Determining whether these AI applications can also be used with CL or contingent on the usage of SIC is a subject for further investigation. Programs such as PIUR already enable a more comprehensive evaluation through broader image data, outlining the benefits of using CL in thyroid diagnostics.

Limitations

The relatively high malignancy rate of 14.3% indicates selection bias, which might result from the inclusion criteria pertaining to cytologically/histopathologically diagnosed TNs, in conjunction with the iodine deficiency of the study center’s respective catchment areas. This potentially diminishes the generalizability of our findings and underscores the necessity to consider the patient cohort and the region where the CL should be utilized in the future. It may be advisable to investigate the prevalence of thyroid cancer in patient cohorts undergoing investigations with this method. In view of the information obtained, further research with patient cohorts exhibiting lower prevalences of thyroid cancer is a logical next step. This research could determine whether the performance of this new method is, at least in part, contingent on the higher malignancy rate shown by this study’s cohort.
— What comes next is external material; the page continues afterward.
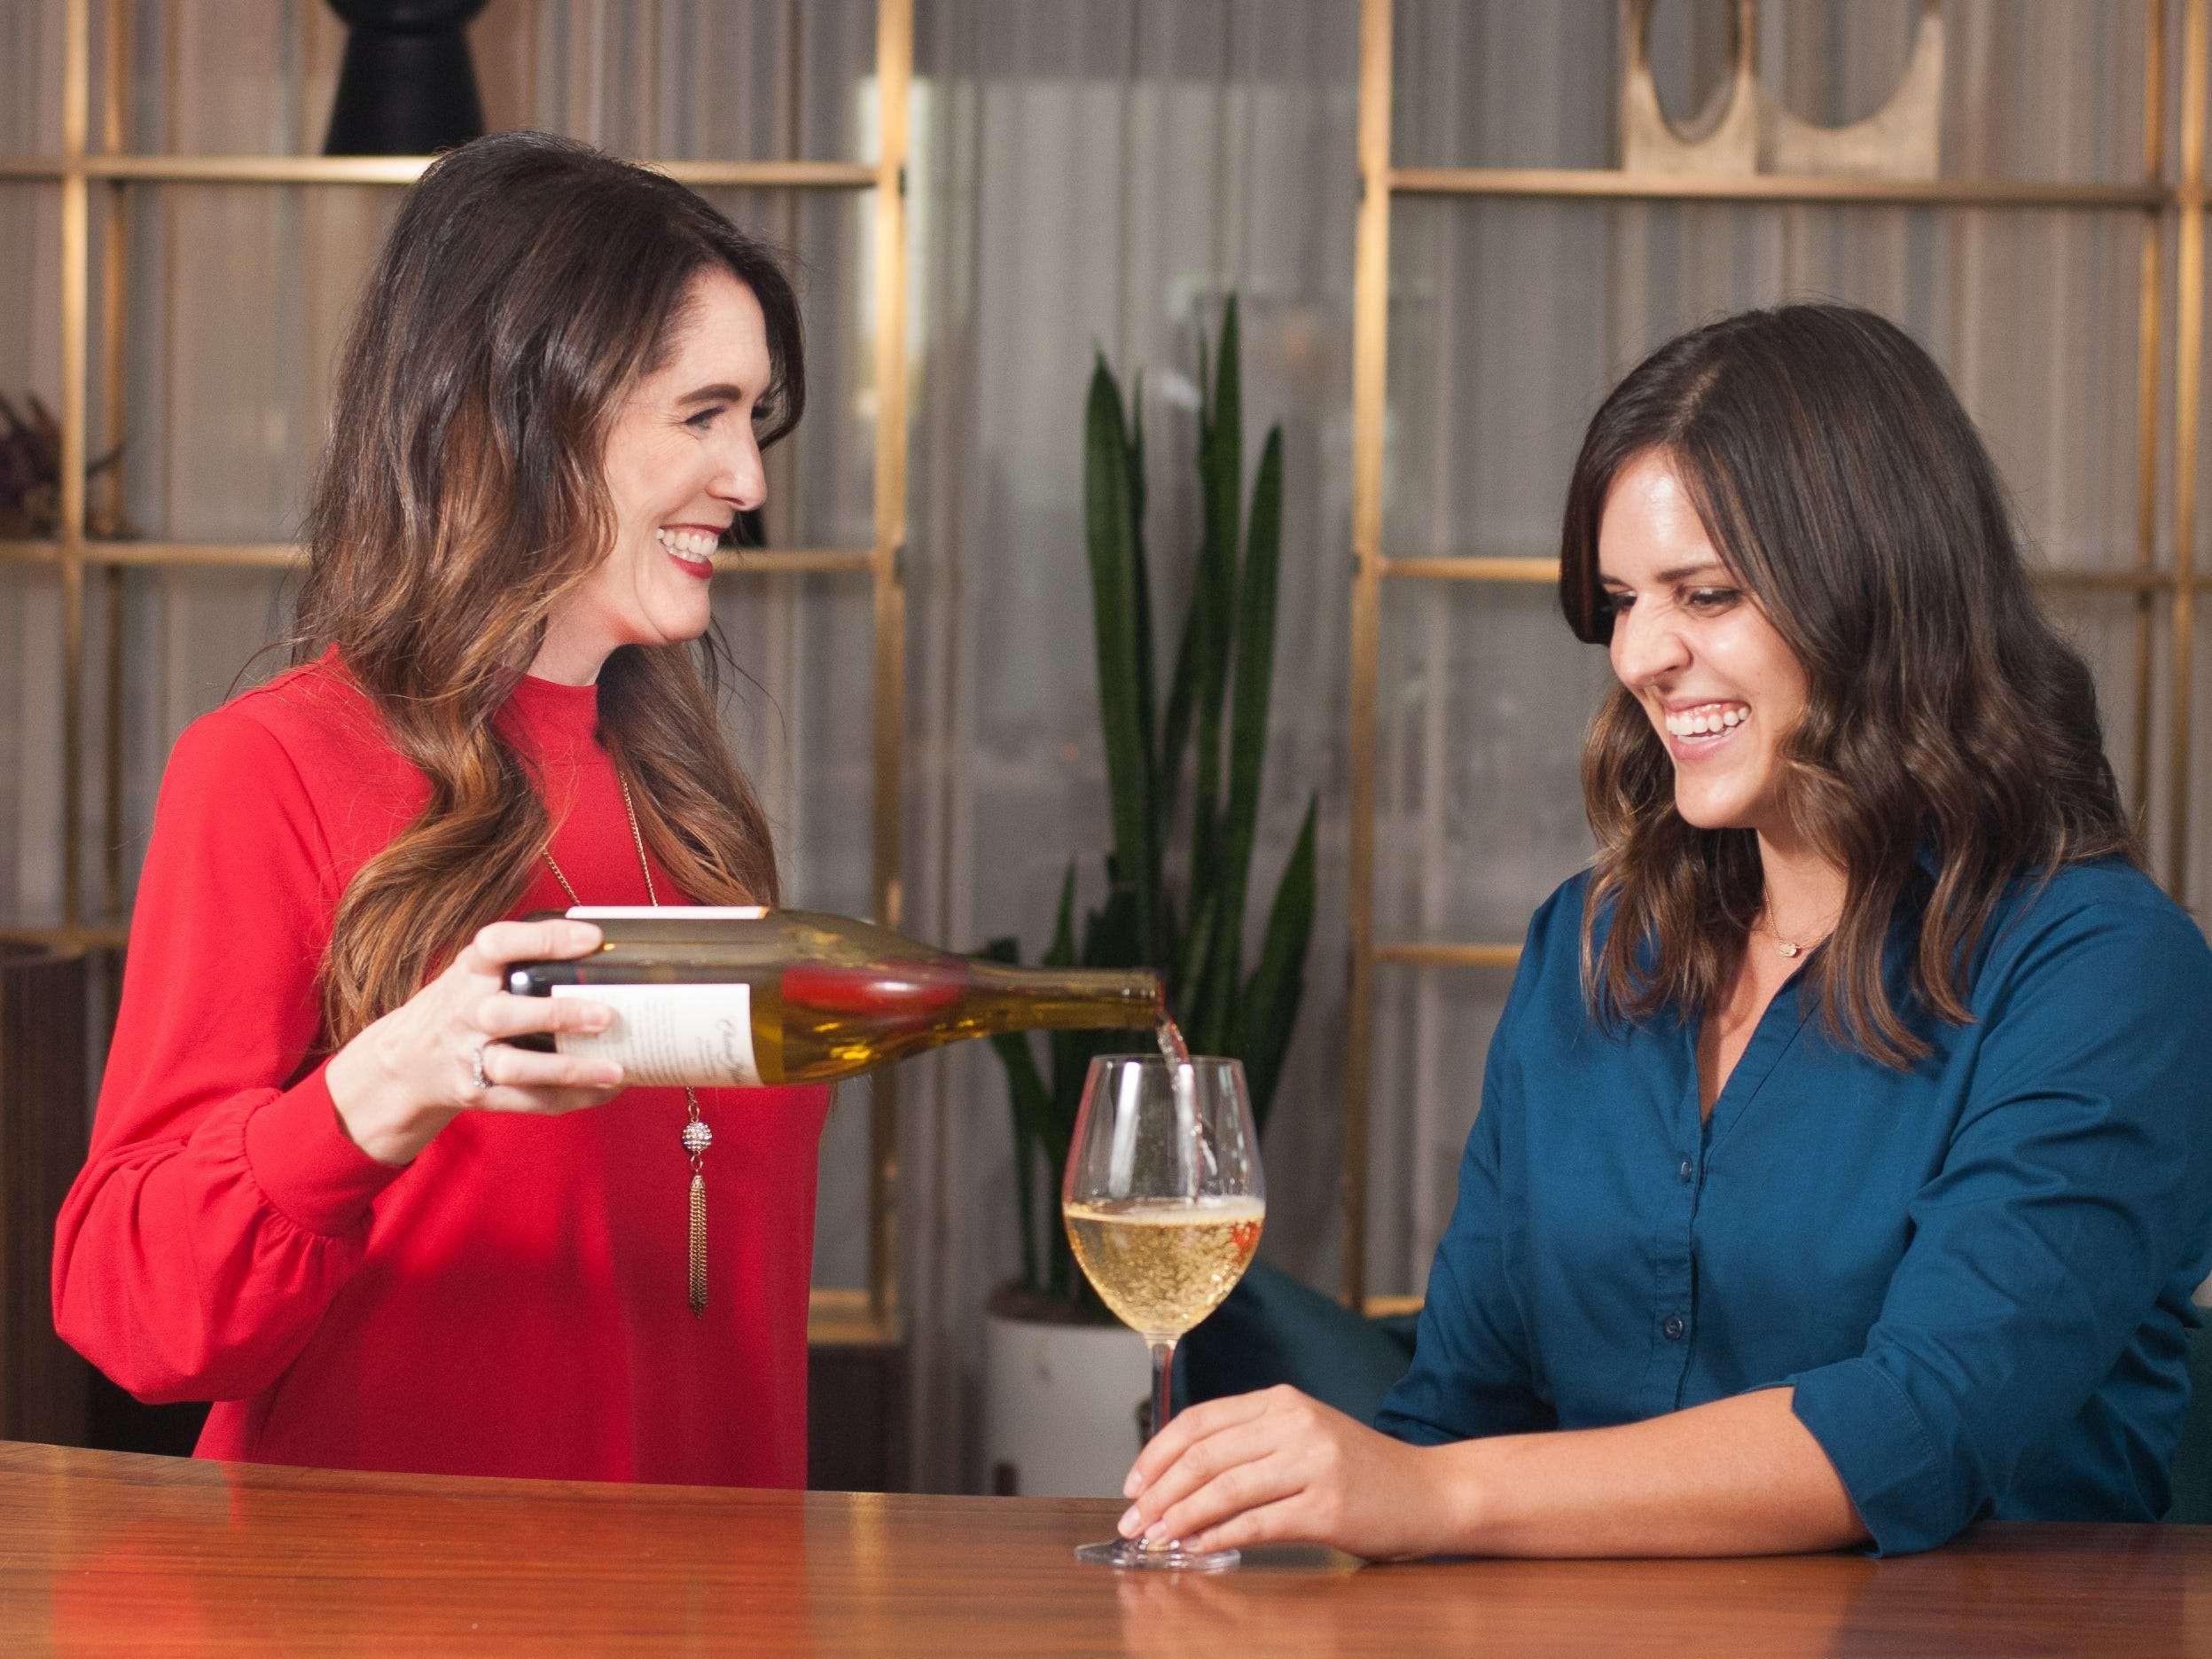 I'm a wine consultant who creates custom tastings and dinners for private clients. Here's how I transitioned from writing about wine to running my own business.

CL acquisitions may have varied by examiner, potentially affecting the angles in the different planes and settings of the ultrasound device, and no interobserver data can be reported. Thus, future studies are required to evaluate the interdependence of the results on the observer’s expertise.
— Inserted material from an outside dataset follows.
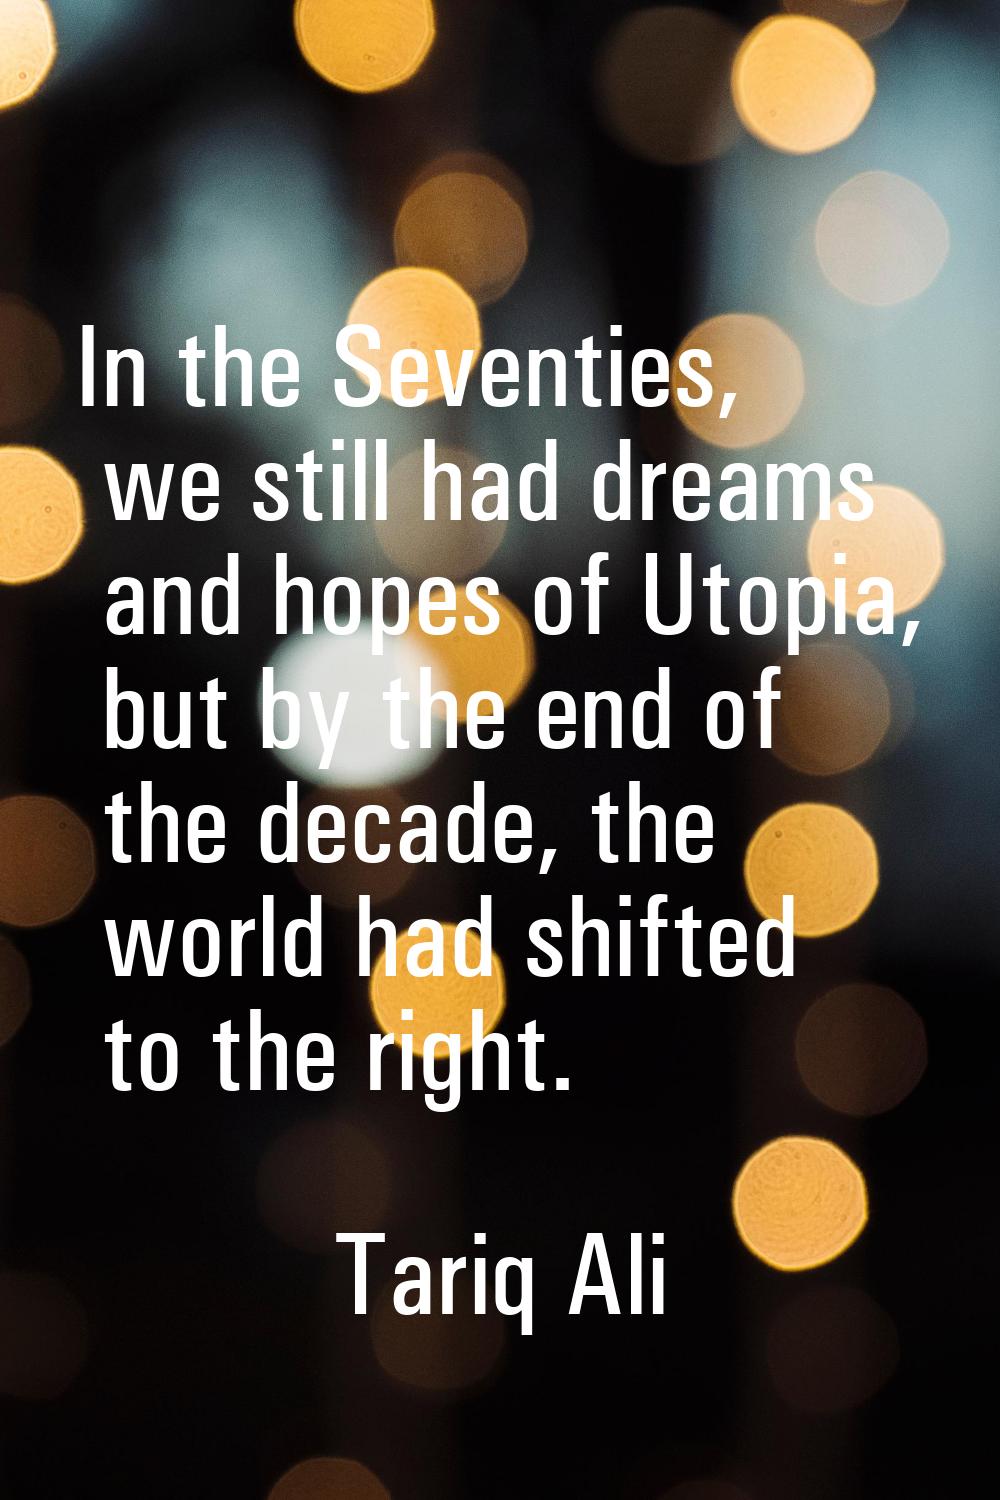 In the Seventies, we still had dreams and hopes of Utopia, but by the end of the decade, the world

In addition, the selection of the trained observer could have influenced the results, as a more experienced observer might improve the outcomes, irrespective of the ultrasound method. The study by Schenke et al. (2024) provides evidence to support this hypothesis. In their research, twelve observers evaluated twenty TNs; the results indicated that the outcome was heavily influenced by the observer’s level of experience [18].

The data used to evaluate the two methods was deemed suitable for analysis, as the selection process involved excluding ultrasound datasets exhibiting substandard image quality. This may have introduced bias, as in clinical routines, substandard quality images cannot always be ruled out when evaluation is required for diagnostic purposes.
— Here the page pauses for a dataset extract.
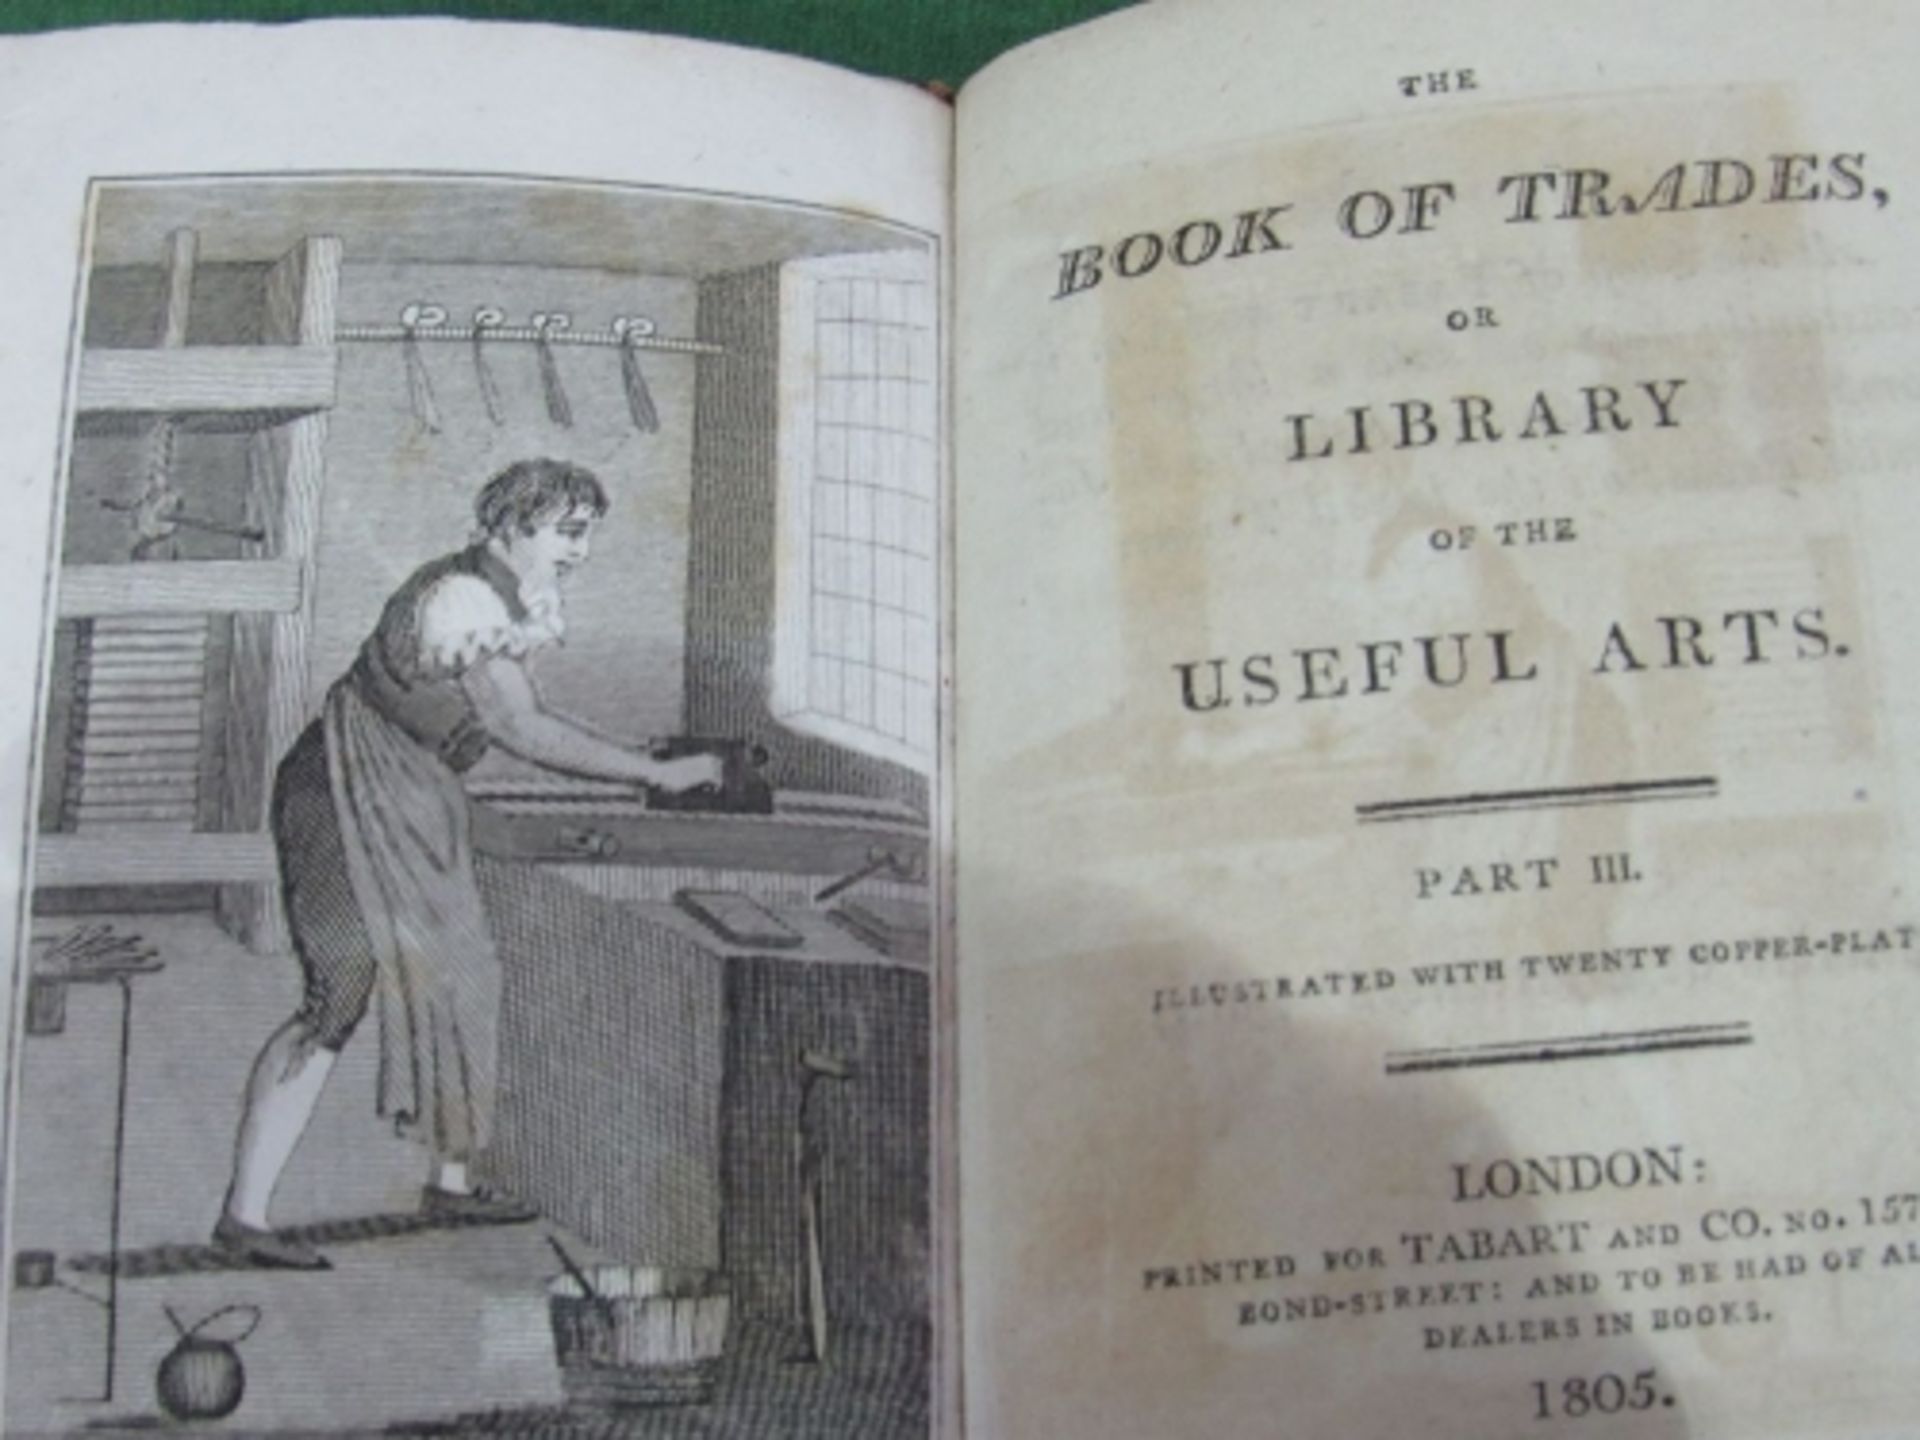 Georgian children's book of careers/trade: 'The Book of Trades' or 'Library of the Useful Arts', - Image 2 of 2

Another potential bias may pertain to the exclusion criterion of patient history with radioiodine therapy or thyroid surgery, which can cause substantial changes in thyroid parenchyma and mitigate the evaluation of TNs in CL. Therefore, further research is required on this new ultrasound method with pretreated patients for thyroid diagnostics.

5. Conclusions

Ultrasound CL of the thyroid gland facilitates comprehensive sectional image data storage of the entire organ in PACS. This methodology enables the precise identification of clinically relevant lesions and yields superior diagnostic accuracy in the risk stratification of thyroid nodules compared to conventional static image captures. Despite the diminished subjective confidence in TIRADS classifications, which is primarily attributed to more frequent image artifacts and the significantly increased amount of data generated, the clinical advantages outweigh this drawback. The integration of CL into the clinical ultrasound workflow can be executed seamlessly according to the introduced SOP. It is recommended that clinics with experience in thyroid diagnostics employ this approach.